B. You might be spotting a trend here. “Nearly 5.5 million ELL students are enrolled in U.S. public schools, double the number from the mid-1990s. The fastest-growing student population in the country, ELLs are expected to double again by 2025. While most are enrolled in urban district schools, by far the biggest growth is taking place in rural and suburban districts…”

Last question: Where are there more schools and districts?

    A. Cities
    B. Suburbs


B. Yes, it’s suburbs all the way down. While cities account for only 5 percent of the districts and 26 percent of the schools, suburbs come in with 20 percent of all U.S. districts and 27 percent of schools. And once again, we see district transformation and improved school design efforts develop more in cities, not nearly as much in suburbs.

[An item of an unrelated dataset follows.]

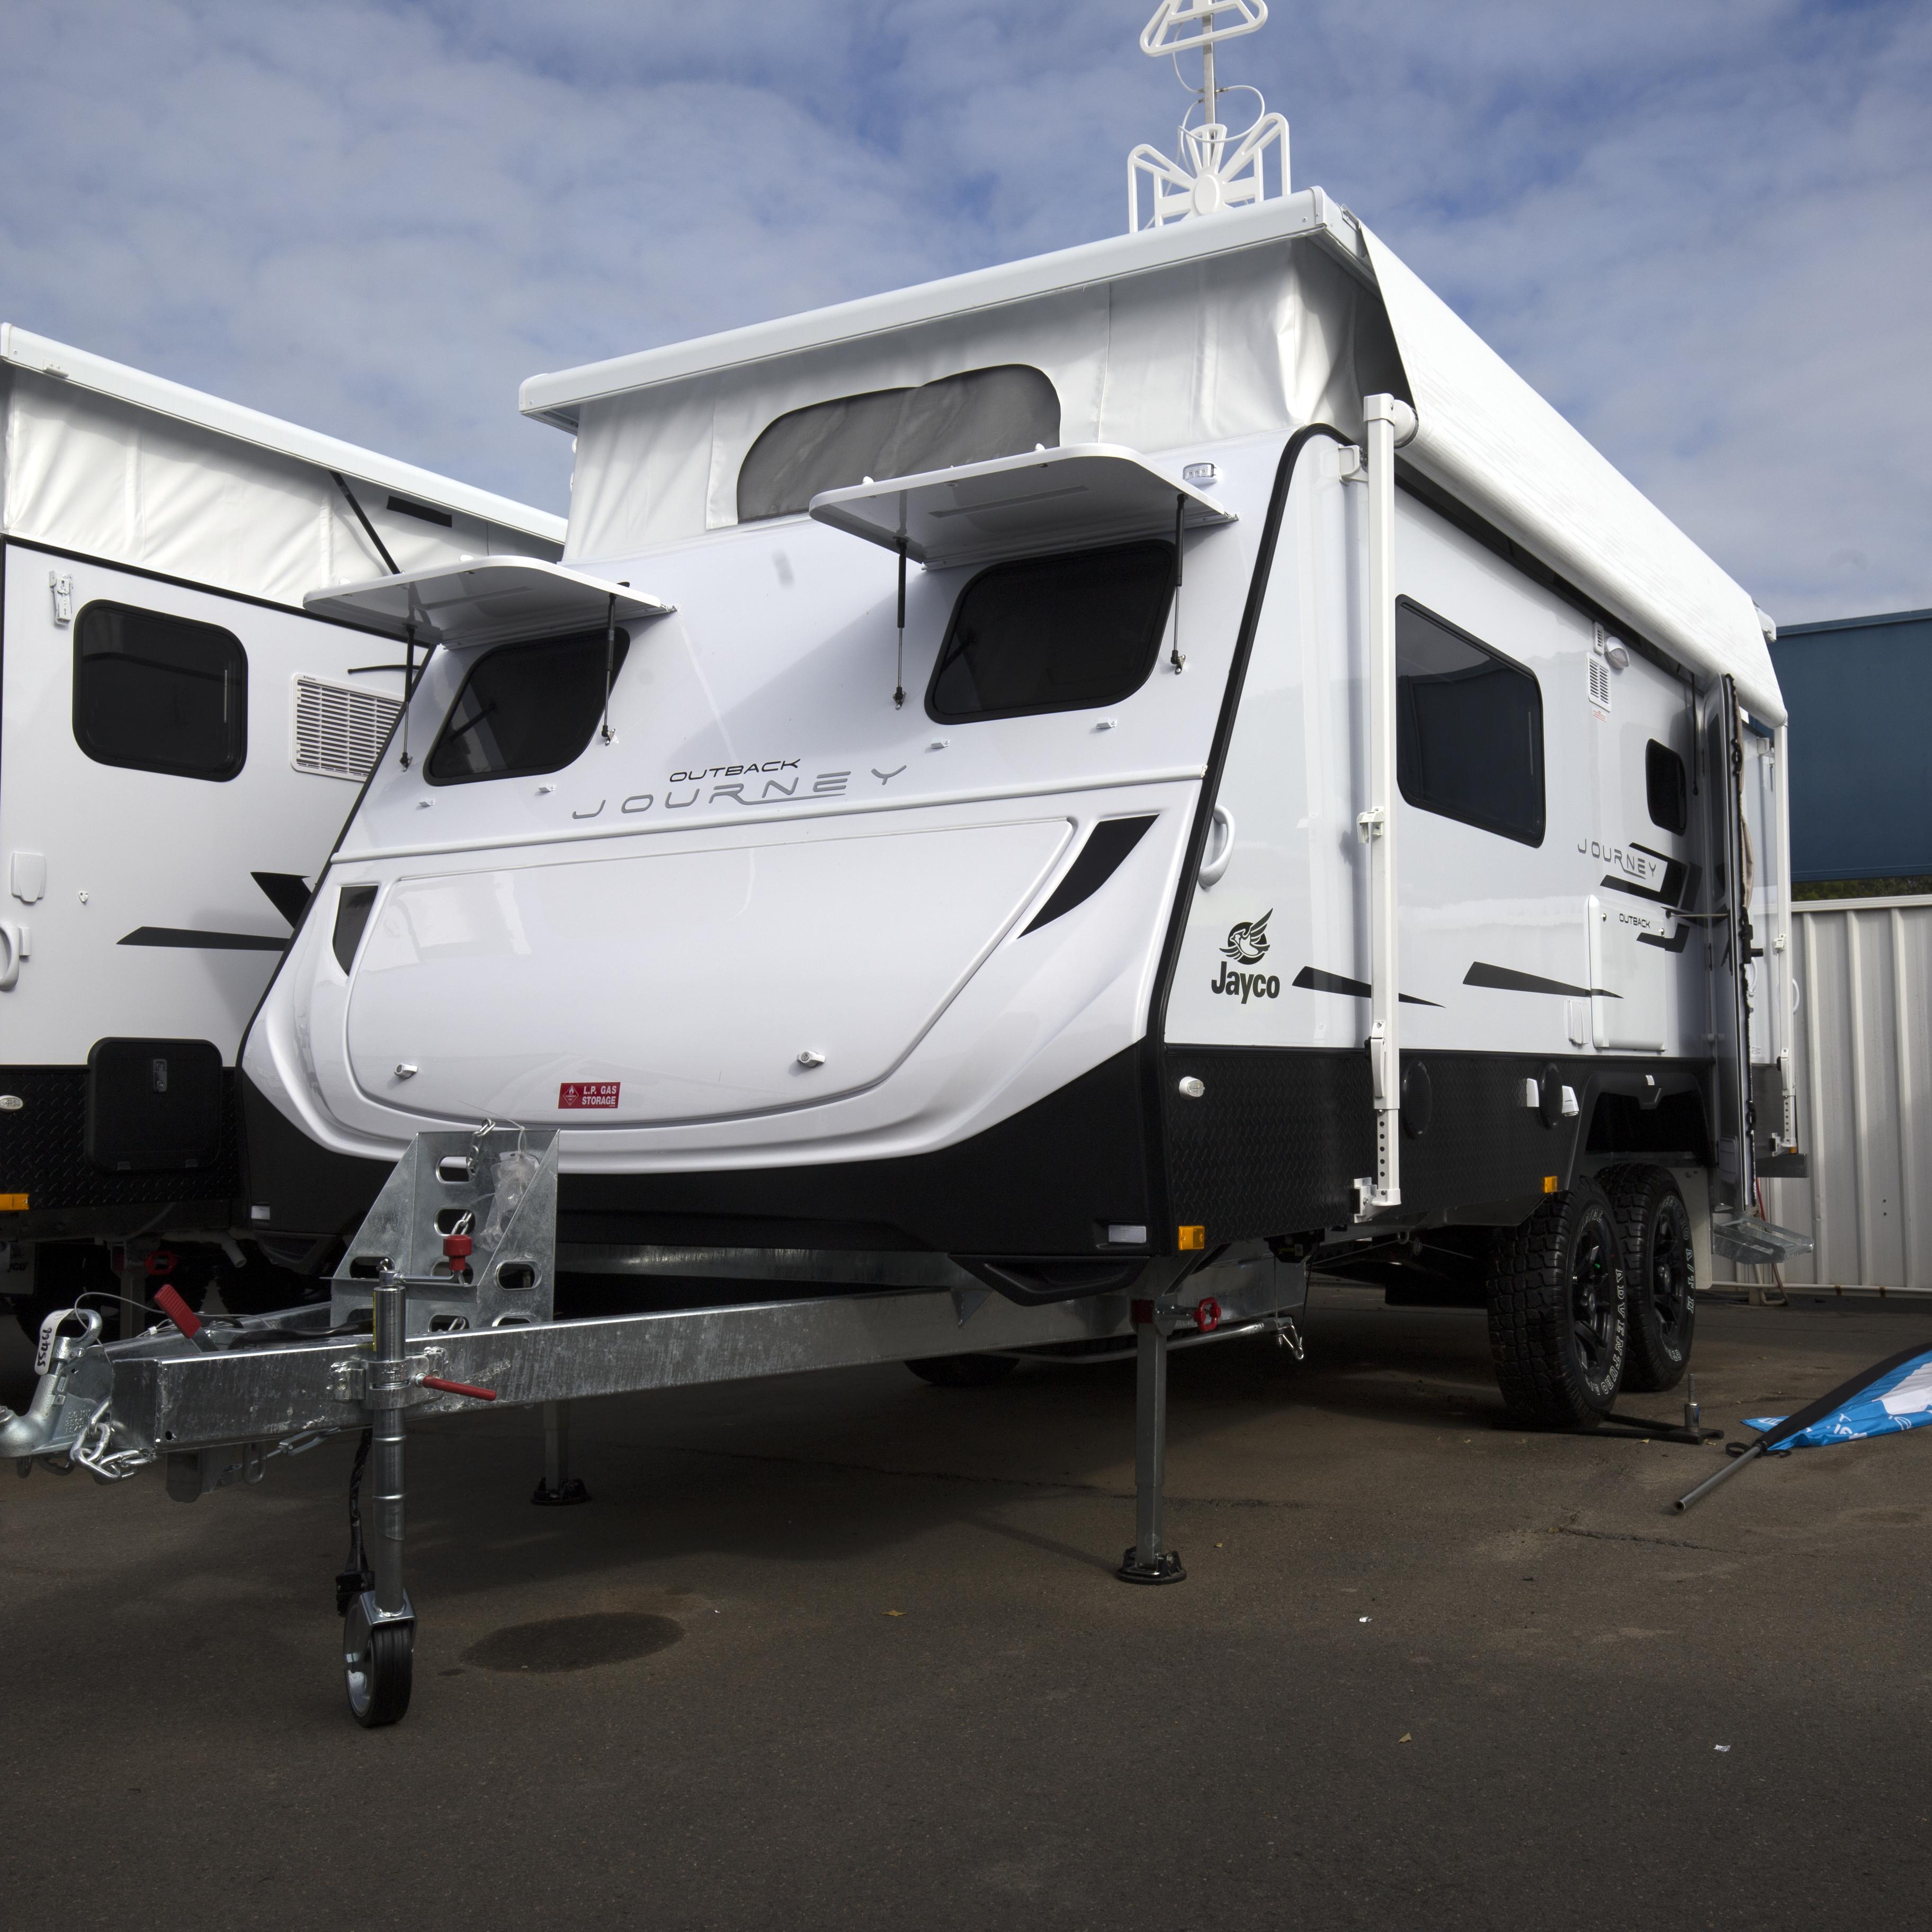 Win a brand new Jayco Caravan!

Bottom line: If we want to improve K-12 education for most U.S. students, most districts, and most schools; if we want to address the places where we find the most poverty and the most incoming ELL students—then we need to think also in terms of suburbs, not just cities. The solutions that have been tried on the latter might not work on the former. In our new paper, Suburban Schools: The Unrecognized Frontier in Public Education, Sean Gill, Paul Hill, and I explore the changing nature of suburbs, how those changes affect education, and what the suburbs can do in response. Come what may, suburbs will need to adapt. While sidewalks and yards might be there to stay, the shape of the suburban school district is overdue for transformation.